Hayley’s story

After giving birth to a healthy boy in 2013, Hayley experienced two miscarriages in 2016. She writes here about how talking about her experience has helped.

The doctor said ‘I am sure we will see you again.’ I know that was supposed to be encouraging but it didn’t feel like it.

I have had two miscarriages in the last year. With the first one I had booked for my booking appointment when I went to the loo and started to bleed. I was at work which made an already traumatic situation even worse. I phoned the doctor and asked what I should do. He was quite blasé about it and said don’t worry it would probably be fine and that he would call me back with an appointment. I didn’t hear so called again. By this stage, the bleeding was getting heavier.

I was sent to EPU. They did a scan but because I was six weeks it was hard to see if the baby was forming inside the sac. I was told to come back in two weeks’ time. The bleeding was still getting heavier.

My husband and I had planned a trip to Cardiff where he was taking part in the half marathon. We still went but I felt very stressed and unsettled. Waiting two weeks for the scan felt like waiting forever. On the day of the scan I felt nervous and apprehensive. When the doctor did the internal examination she said ‘Hayley, I am very sorry.’ I knew in my heart I had lost baby but hearing those words my world felt it had stopped.

I couldn’t stop crying and my husband didn’t know what to say or do, or how to feel. A nurse offered to take me into quiet room. Because it was so early I didn’t need any intervention. I was handed a leaflet and told to go home. The doctor said ‘I am sure we will see you again.’ I know that was supposed to be encouraging but it didn’t feel like it. I had just lost a baby there was no way I could contemplate trying for another one. At time we were moving house so I started to worry if the stress caused this to happen, or perhaps I lifted something I shouldn’t have? Perhaps I should not have stopped running?

I told my family and close friends. My Mum was devastated as was my sister. I found it hard to talk about initially because it was so upsetting.

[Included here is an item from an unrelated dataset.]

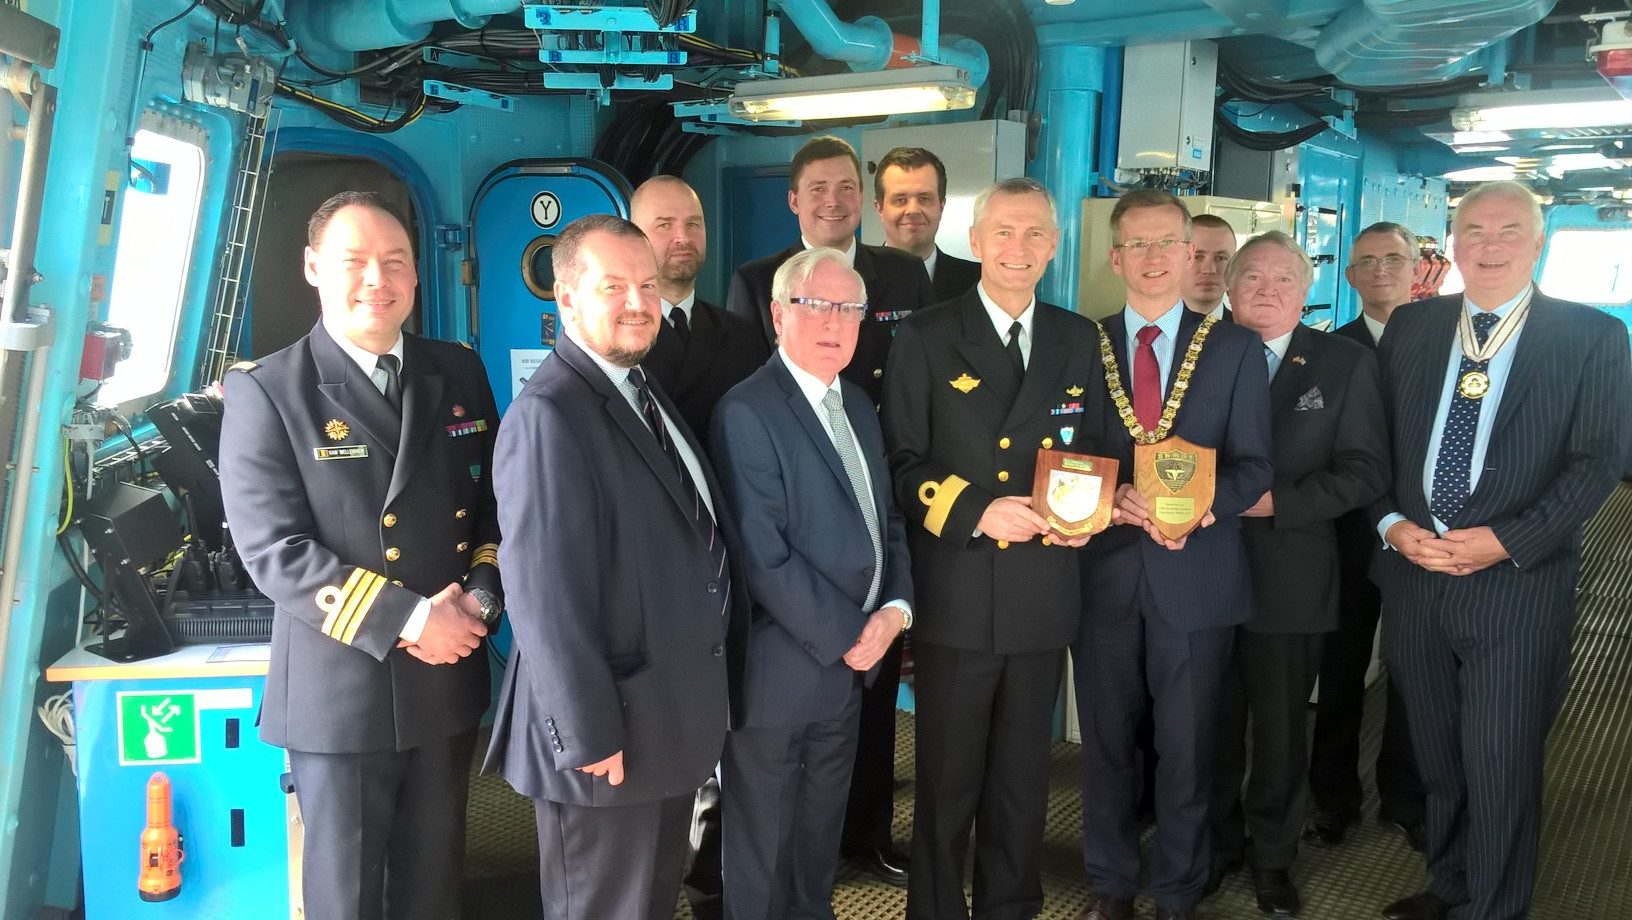 Visit of .HNoMS Roald Amundsen to Belfast with Lord Mayor,fellow DL Alastair Adair and the Honorary Norwegian consul Michael Ewing also present was Commander John Gray RN Senior Naval Officer Northern Ireland the lunch was hosted by Commodore Ole Morten Sandquist,RNoM and his officers.

Seven weeks into my next pregnancy I felt very sick, which I took as a good sign. Around 11 weeks I went to the loo and saw a little bit of blood. I talked to the midwife and she said I could go to hospital and wait to see someone. There was a lot of waiting. Eventually I spoke to a consultant and she examined me. A sonographer wasn’t available as she was dealing with an ectopic pregnancy at the time. When the consultant examined me, she said she couldn’t see too much blood which sounded hopeful. I was booked into EPU the next day.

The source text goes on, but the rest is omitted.